SPEAKER_02Yeah, good question. So I am because I'm currently co-parenting with my ex-husband, so we share our kids 50-50. And on the days that I have the kids, I'm so pumped and so excited. And I want to go out and do all the fun things and take them on all the adventures. However, I do have to also honor my capacity that usually on weekdays after 5 p.m., they may be dysregulated and overwhelmed. And it kind of depends on their mood. Like maybe they just want to stay home and jump on the couch and color together. And maybe on the weekends, I'm still afraid my two-year-old might run away. So if I do go to the zoo, or if I go to a farmer's market, or if I go to a friend's house, or if I do things out, like we've got a Sakura Cherry Blossom Japanese festival happening this weekend. If I were to take them to that, I would probably ask for some friends or family or reinforcements to come. So I did I wouldn't fear losing them in a crowd or something because I still don't fully trust myself on my own with them. It still feels a bit overwhelming sometimes.
SPEAKER_00Cause it is.
SPEAKER_02Yes.
unknownThank you.
SPEAKER_00Well, like my my older girls, like um going whenever they got older, like going to the zoo with them where I'd be with their younger brother, like pushing the stroller, is a very different vibe of like, okay, I know the playground is right over there at the zoo. I know the animal you want to see is just right up ahead. So if you get out of eyesight or something like that, I know exactly where you are, and I trust that you won't get distracted and you'll end up there. Like a two and a four-year-old, like, no, I I want to give them responsibility, but like, no, they're they're young, they're two and fourth. It's be a great way for you to be very mad at your kids and very anxious for an entire morning and afternoon if you thought you couldn't do that.
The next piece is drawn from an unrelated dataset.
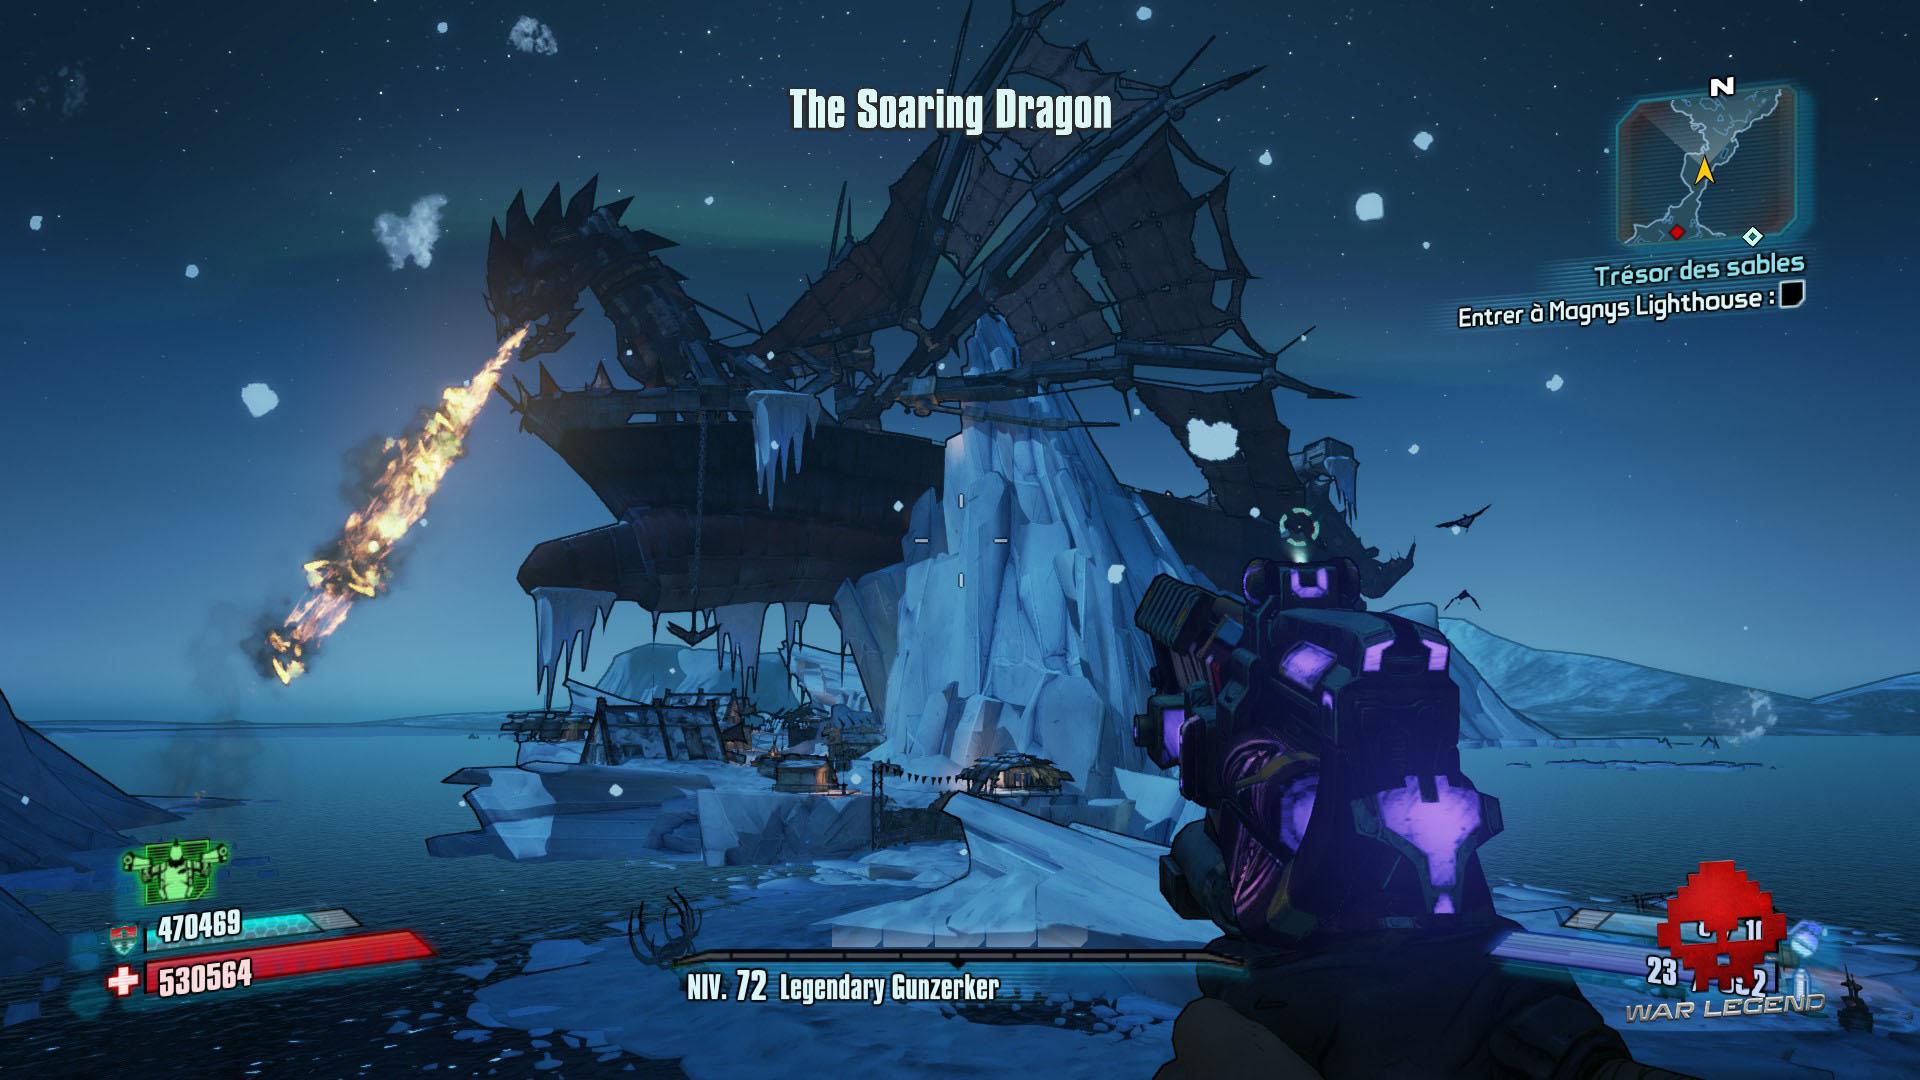 Guide borderlands 2 le soaring dragon

SPEAKER_02Totally, totally very dysregulating. And especially since like my son has some sensory sensitivities. I have ADHD. I don't know if he has ADHD, but yeah, there's also like a huge emotional regulation component where if he is regulated, like he'll be excited and it'll be great. But if he's overwhelmed and every small thing sets him off, then it's like, okay, I gotta be there for him to help him co-regulate and feel okay. But then my daughter might also be like, what about me? I'm like, oh gosh, I'm only one person.
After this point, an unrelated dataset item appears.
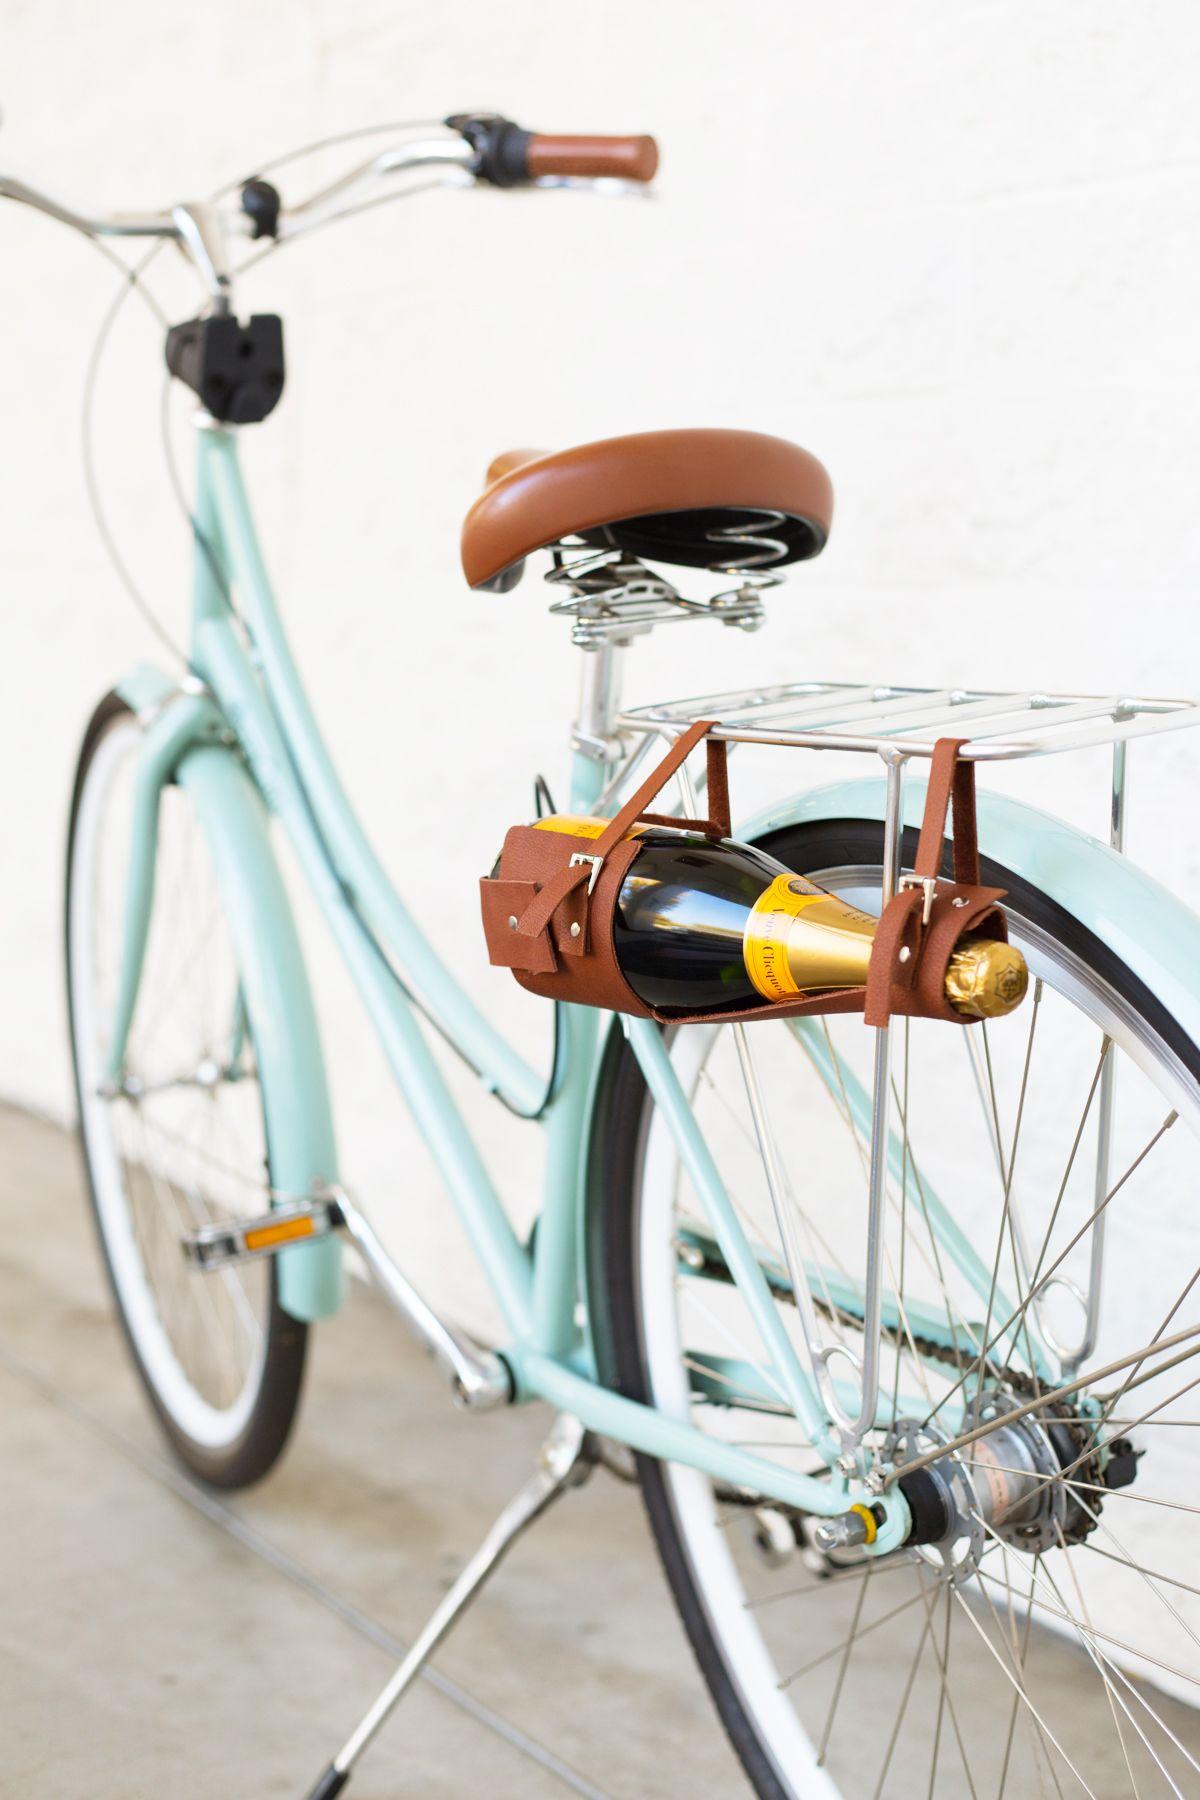 Diy wine bottle carrier bike giveaway lovely indeed

SPEAKER_00And then you're like, I forgot to buy the one thing I came to the farmer's market to buy. I thought I was gonna buy some vegetables, maybe some local produce, and I just made sure my kids felt safe for two hours instead.
SPEAKER_01Exactly. Yeah. And that's still a win.
SPEAKER_00It is. It is. But it's um it's the phase of life and it's reality, and you just have to be honest with yourself going into the farmer's market. Like, I don't know how this is gonna go, and uh set some realistic expectations.
SPEAKER_01Absolutely. Yes. Don't be too hard on ourselves.
SPEAKER_00Yeah, pretty much. What's your energy like whenever you don't have your kids for the week? Like whenever you see the time where your ex-husband has them instead. Like, how how do you fill that time or how do you deal with that mental shift?
SPEAKER_02Yeah, good question. So it's actually been a recent shift for me. Okay. Co-parenting. And so it's been an adjustment. The first little while was really tough needing to fill my evenings, not used to coming home to an empty house. Um, so definitely ramping up, going to my own therapy, doing my own like bodywork, like doing a lot of stretching. At first, I just tidied up the house like crazy. I'm like, I get to what am I gonna organize next so I feel productive?
SPEAKER_03Yeah.
SPEAKER_02Um, but now I'm I am trying to lean into like, okay, well, now that I have this time, who can I connect with? How can I connect to parts of myself that aren't just motherhood, that aren't just therapist or daughter or wife or sister. Yeah. And it's been a real identity crisis and shift for me to find out who that person is because I don't think I've really connected to her since I had my kids.
SPEAKER_00Yeah.
unknownYeah.
SPEAKER_00Wild. Well, I think like being becoming a mom or a dad does like immediately require you to jump in. Like you get pushed off the diving board, whatever analogy you want to be like, this is who you are now. And then I feel like your kid turns two or so, and you're like, you start to come up for air a little bit because they get a little bit more independence. And then you're like, wait, who am I? And who was that person for the last two to four years? Or three you're also pregnant. So realistically, it's five years. So like it's like, okay, cool. So, Martina, you now are gonna start to explore who are you now? And do you have the mental space for that? Do you have the capacity for it? But it's also really important.
SPEAKER_02Yeah, such a good point. I remember when it all first happened, and some of my girlfriends, even my own therapist, was like, here's a chance for you to get to know yourself again. And I was like, What? Who? I don't know who that is. Yeah. And so it's wild, but it's also such a privilege to be able to do that because then the more I connect to myself, the more I can feel in my body, know how I'm regulated and respond to my kids in a way that they see me laughing more and more like in tune with them and I play more and I I can feel the shift. It's really interesting.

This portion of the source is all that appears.